* _DATA BELOW_
────────────────
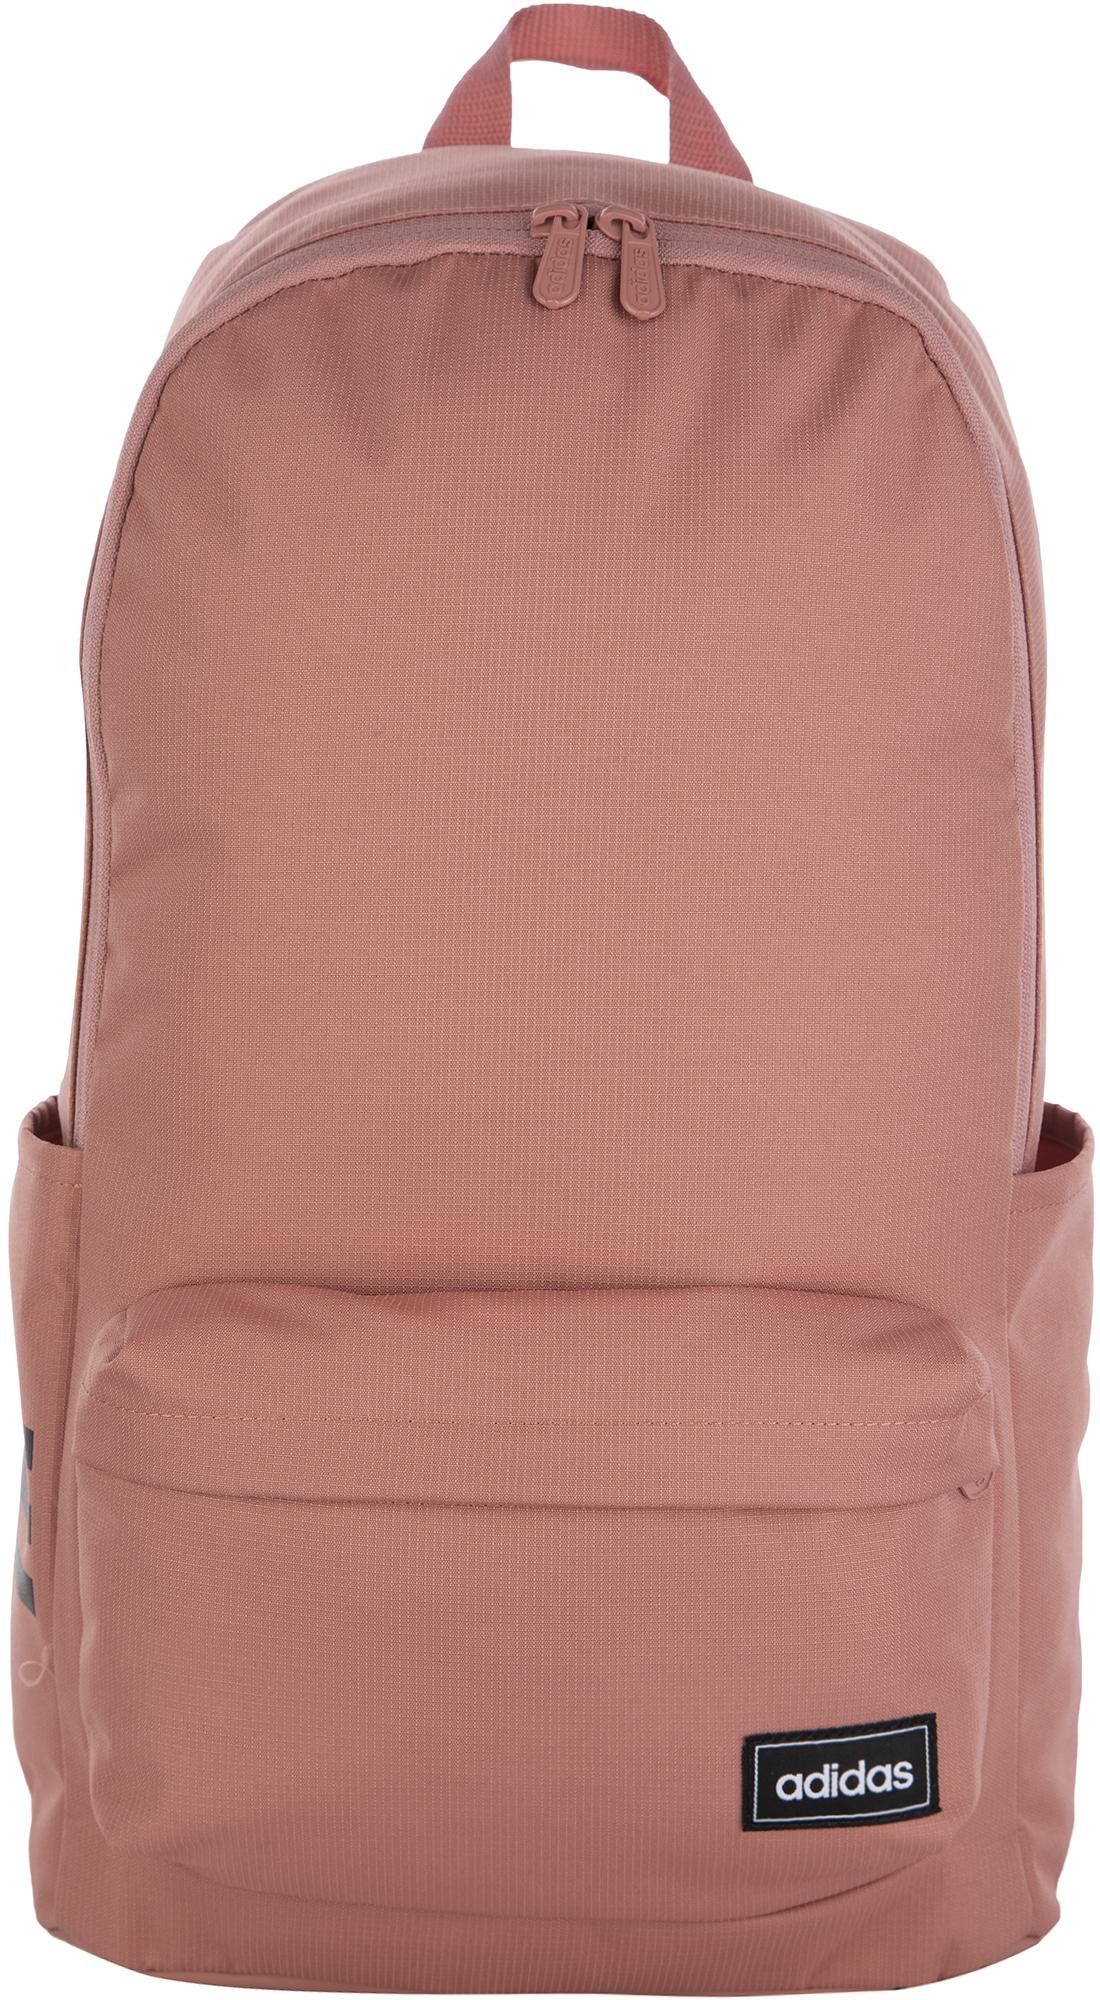 Adidas Рюкзак женский Adidas Classic 3-Stripes hanerou cute keychain рюкзаки для девочек мода tassel женщины рюкзак женский красочный daypack schoolbag кожаные наплечные сумки
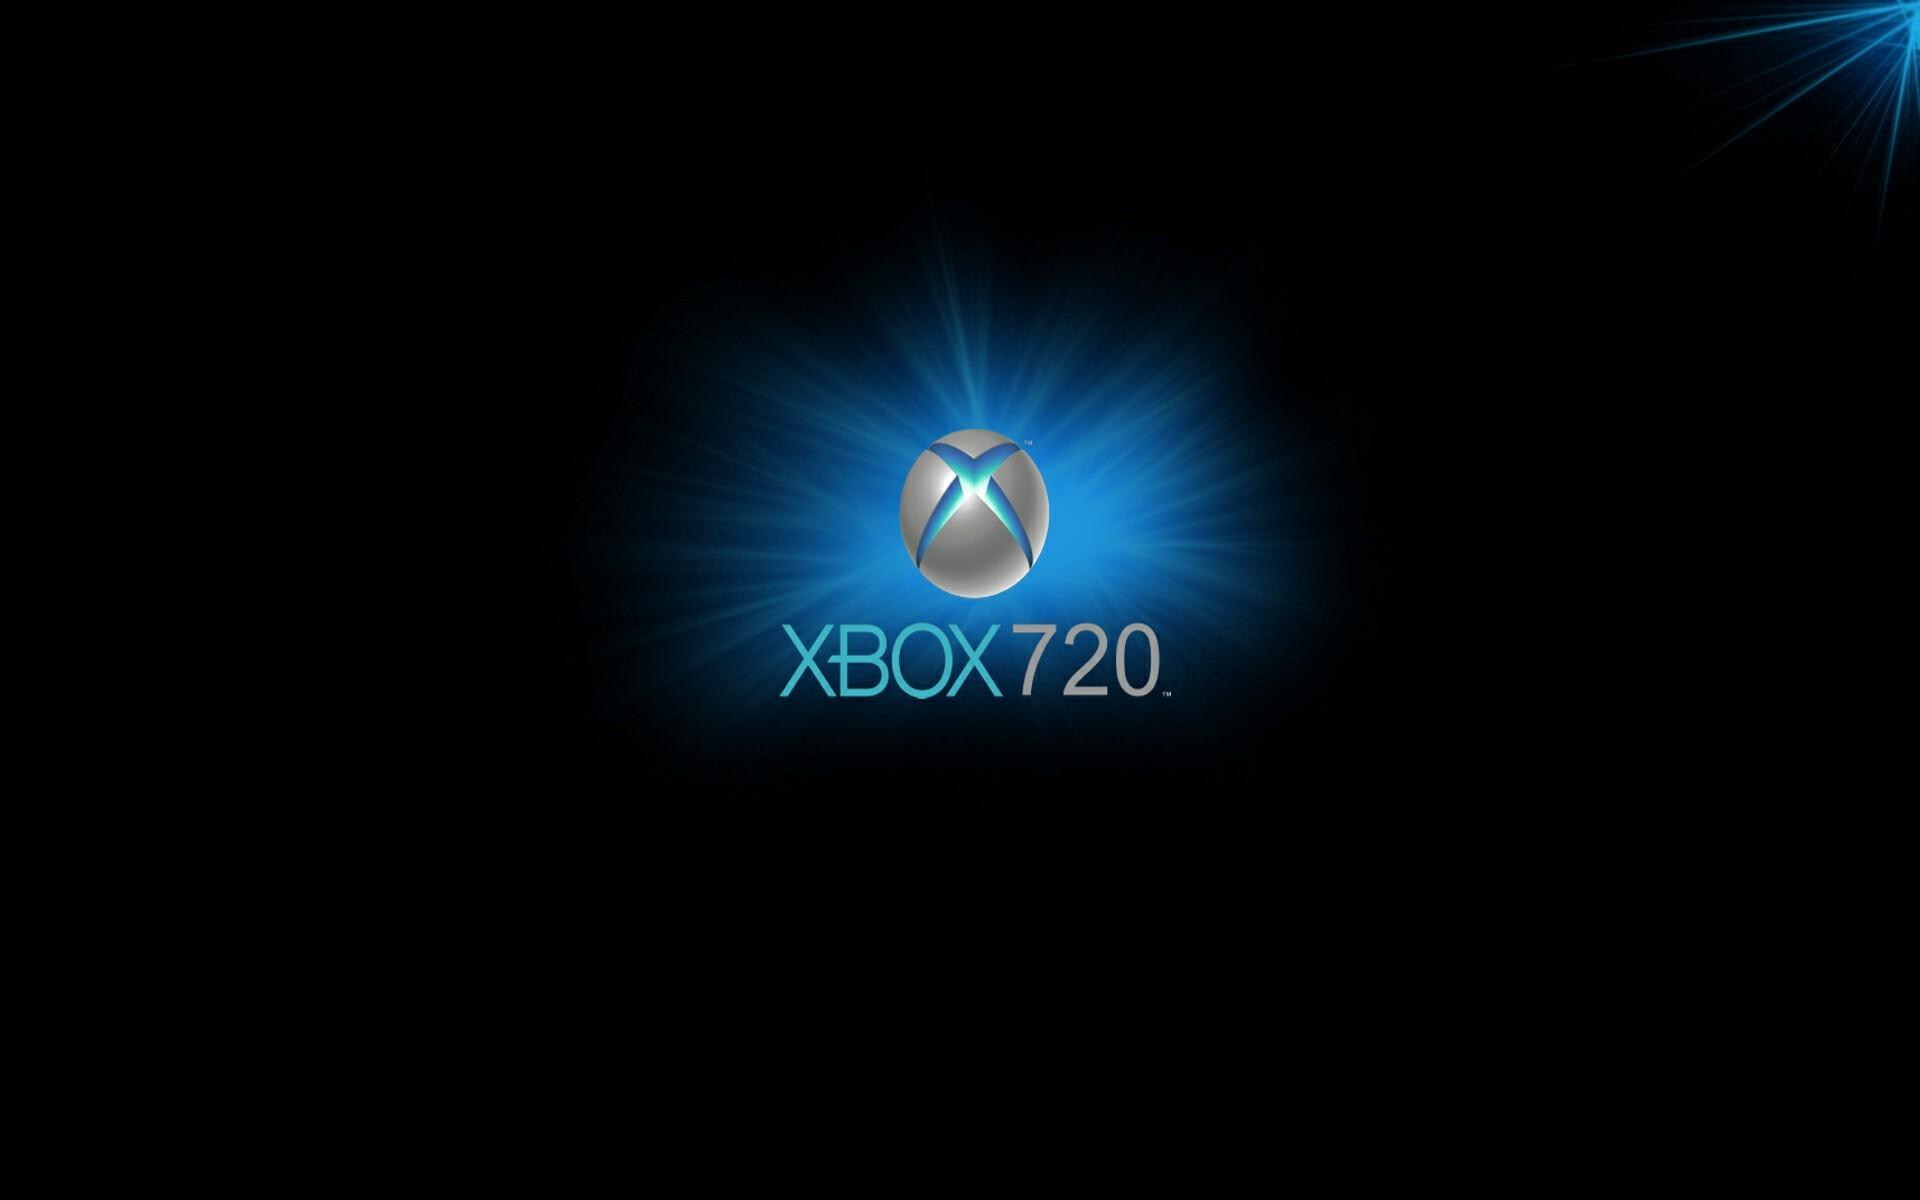 Xbox 360 Wallpaper Hd - WallpaperSafari
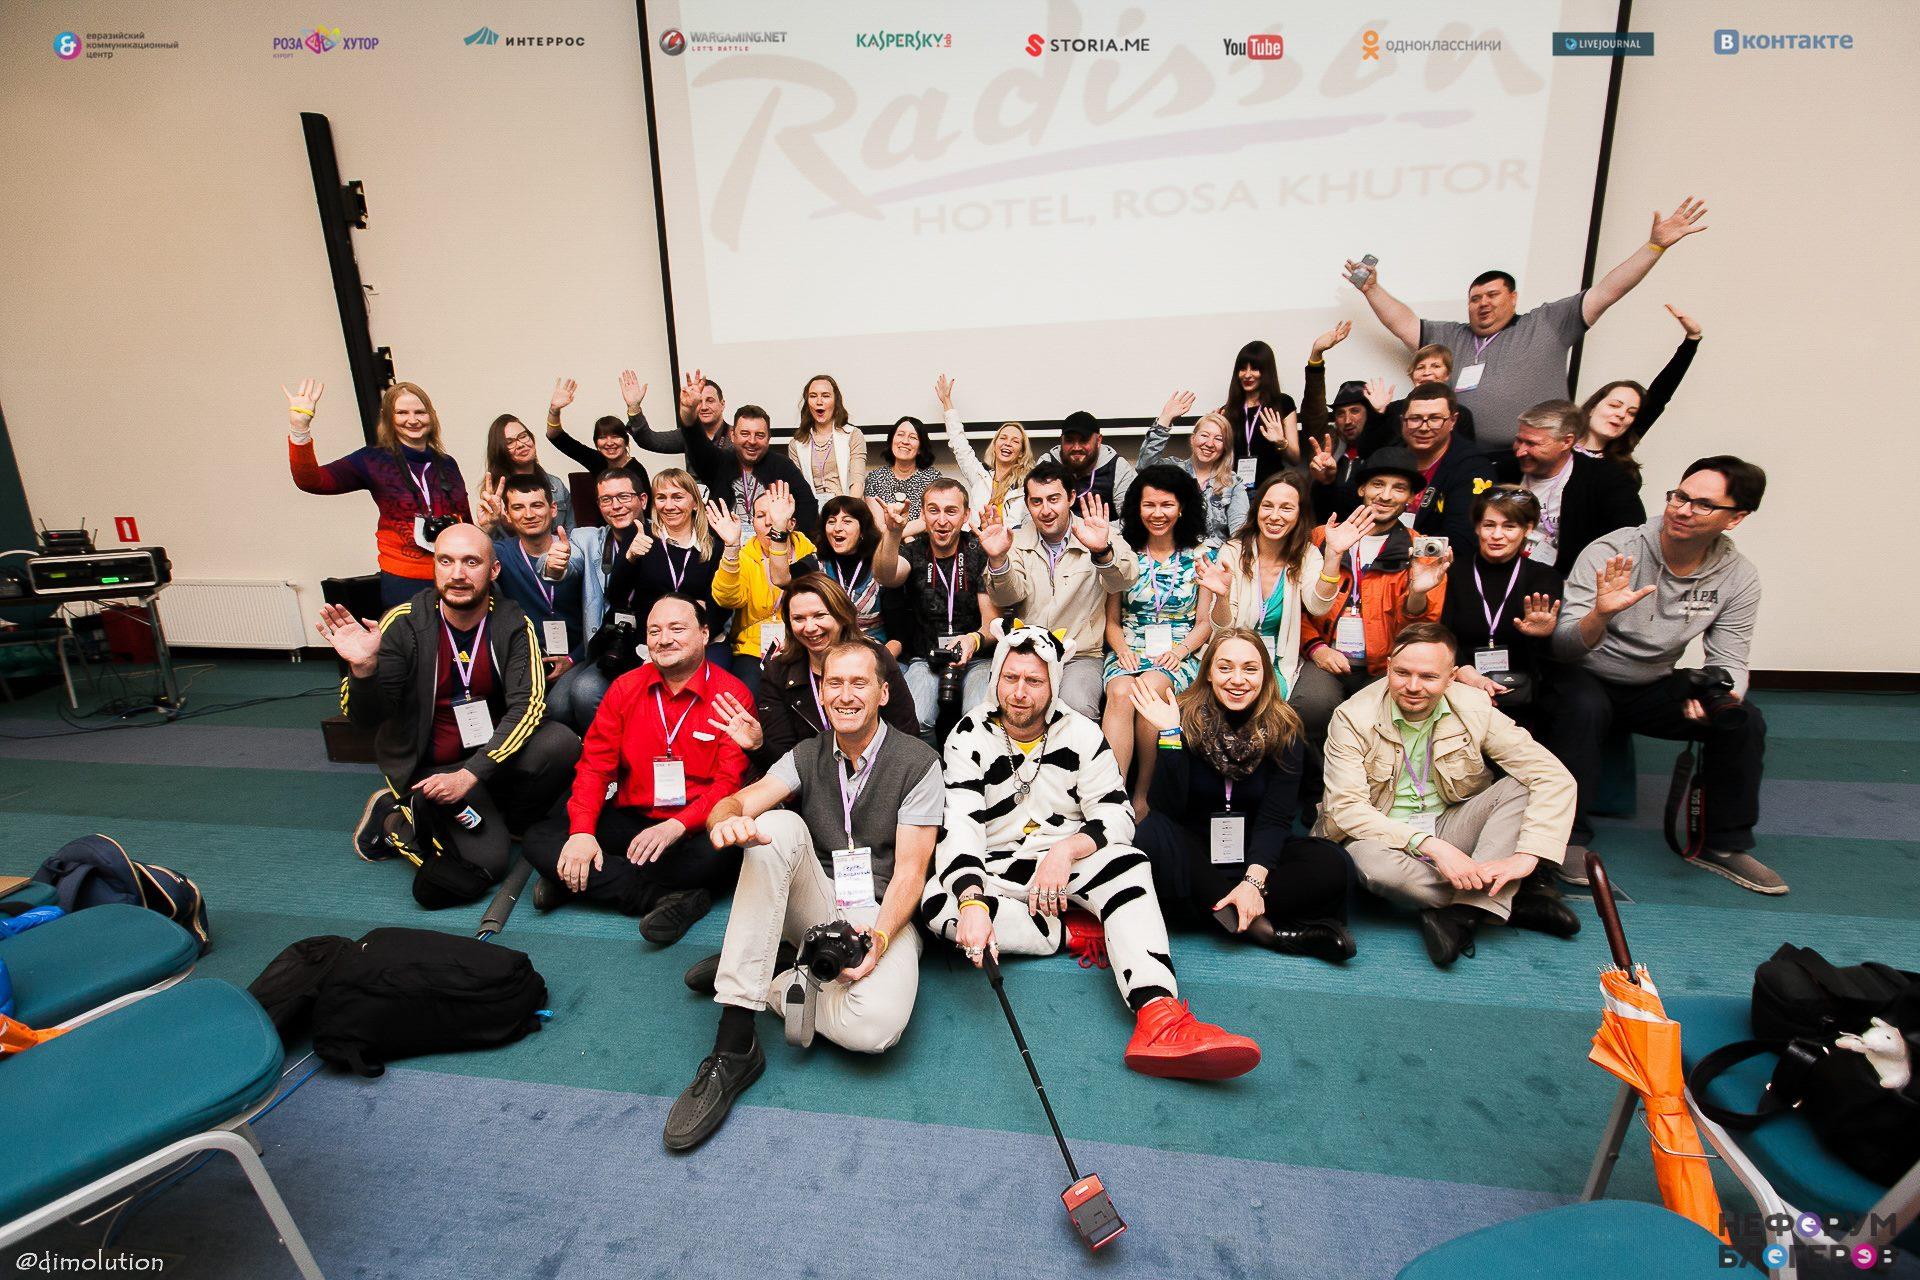 НеФорум 2017 - общее фото секция ЖЖ
────────────────
* _EXERCISE OBJECTIVE_
Please transcribe the listing exactly as it stands, but omit its pictures.

* _EXERCISE RESPONSE_
 Adidas Рюкзак женский Adidas Classic 3-Stripes hanerou cute keychain рюкзаки для девочек мода tassel женщины рюкзак женский красочный daypack schoolbag кожаные наплечные сумки
 Xbox 360 Wallpaper Hd - WallpaperSafari
 НеФорум 2017 - общее фото секция ЖЖ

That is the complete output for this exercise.